Student Assignments at NXP | Pervasive Systems group

Embedded Machine-Learning graduation projects with NXP AI-Team Eindhoven

At the Central Technology Organization (CTO) of NXP Semiconductors Eindhoven, we are currently looking for motivated students to support us in a variety of ML-related projects. Machine Learning and especially Deep Learning will not only enable, enhance, and nourish innovative customer applications, but also help us improve both NXP software and NXP hardware driving exciting future applications. The projects are executed within a driven team of about seven AI experts (2 MSc./ 1 PDEng./ 4 PhD.) with connections to different parts of the large NXP organization. We typically host 5 students any given moment in time, so you will be part of an enthusiastic, collaborative group with plenty of thinking power.

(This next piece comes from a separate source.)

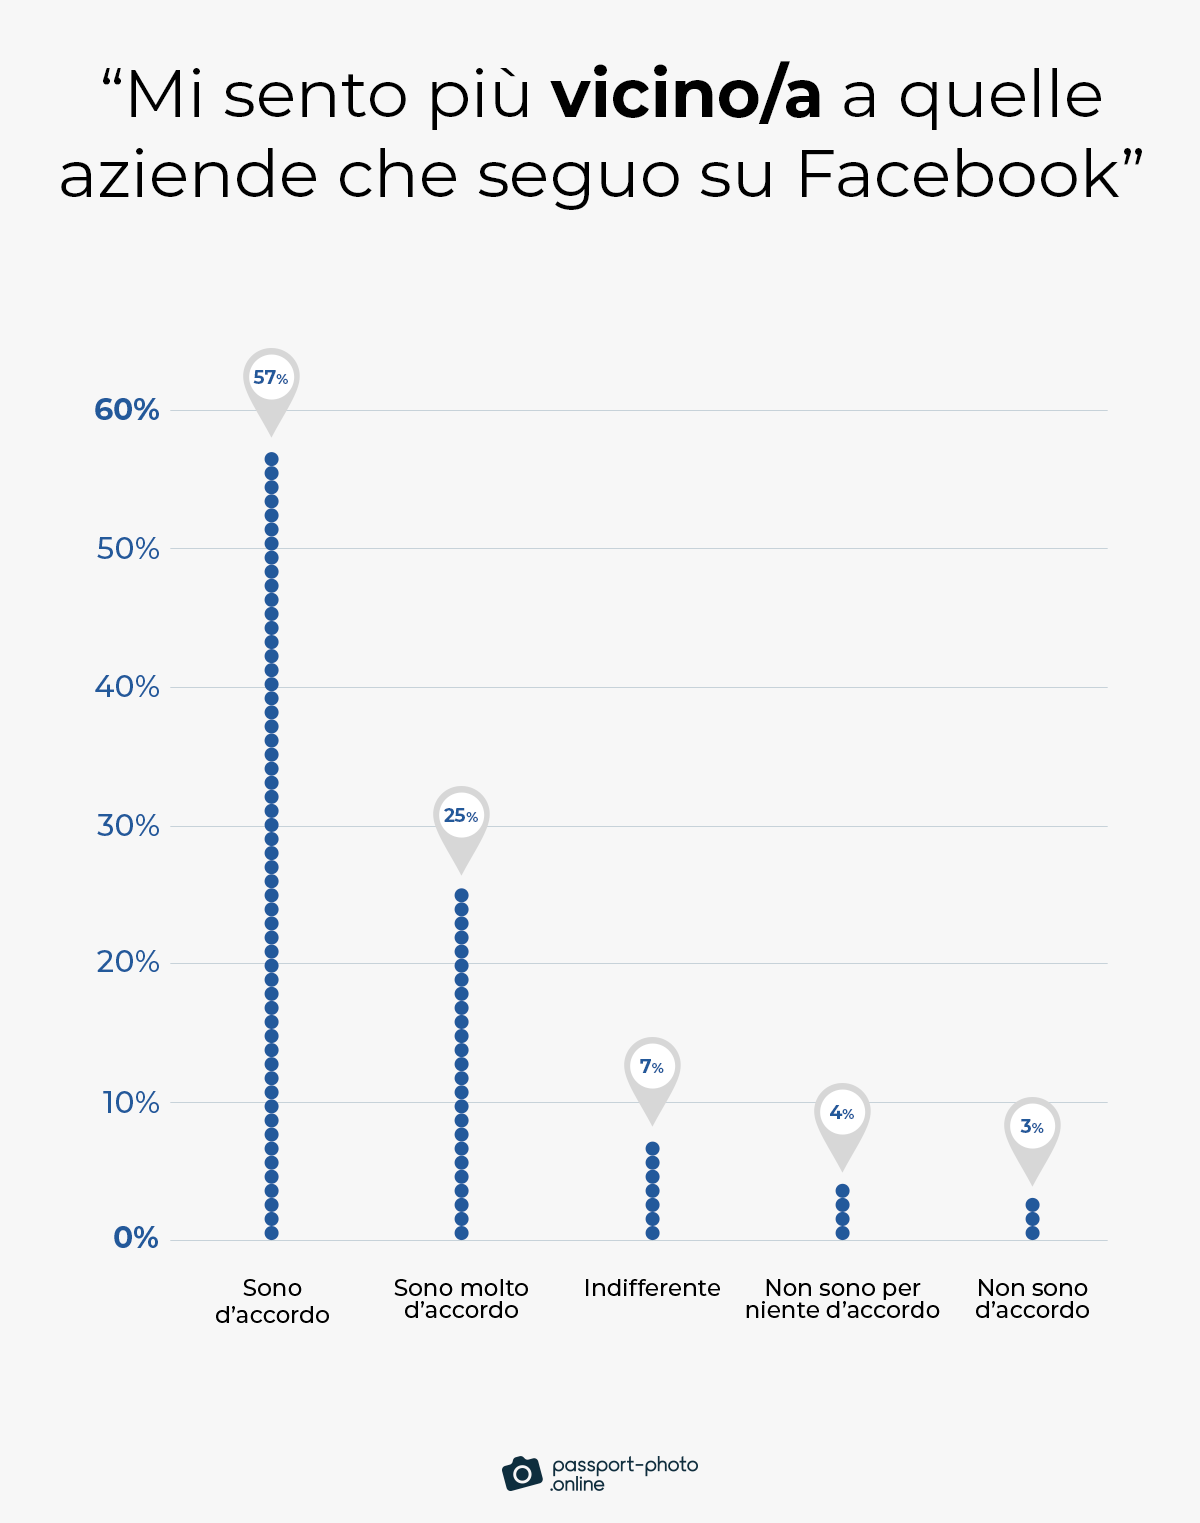 l’82% dei fruitori di Facebook percepisceo una connessione più forte con i marchi che segue sulla piattaforma rispetto a quelli che non segue

Neural networks are increasingly successful for a wide variety of tasks. Nevertheless, the design of these neural networks requires expert skills on several levels. On one side, a task-specific neural architecture achieving considerable accuracy needs to be designed. On the other side, real-time requirements and energy consumption budgets of the network deployment need to be met especially in the embedded domain. This often requires substantial manual effort, network redesign, retraining, etc. A popular strategy to resolve this is multi-objective Neural Architecture Search (NAS), where a network architecture may automatically be designed for both efficiency and accuracy.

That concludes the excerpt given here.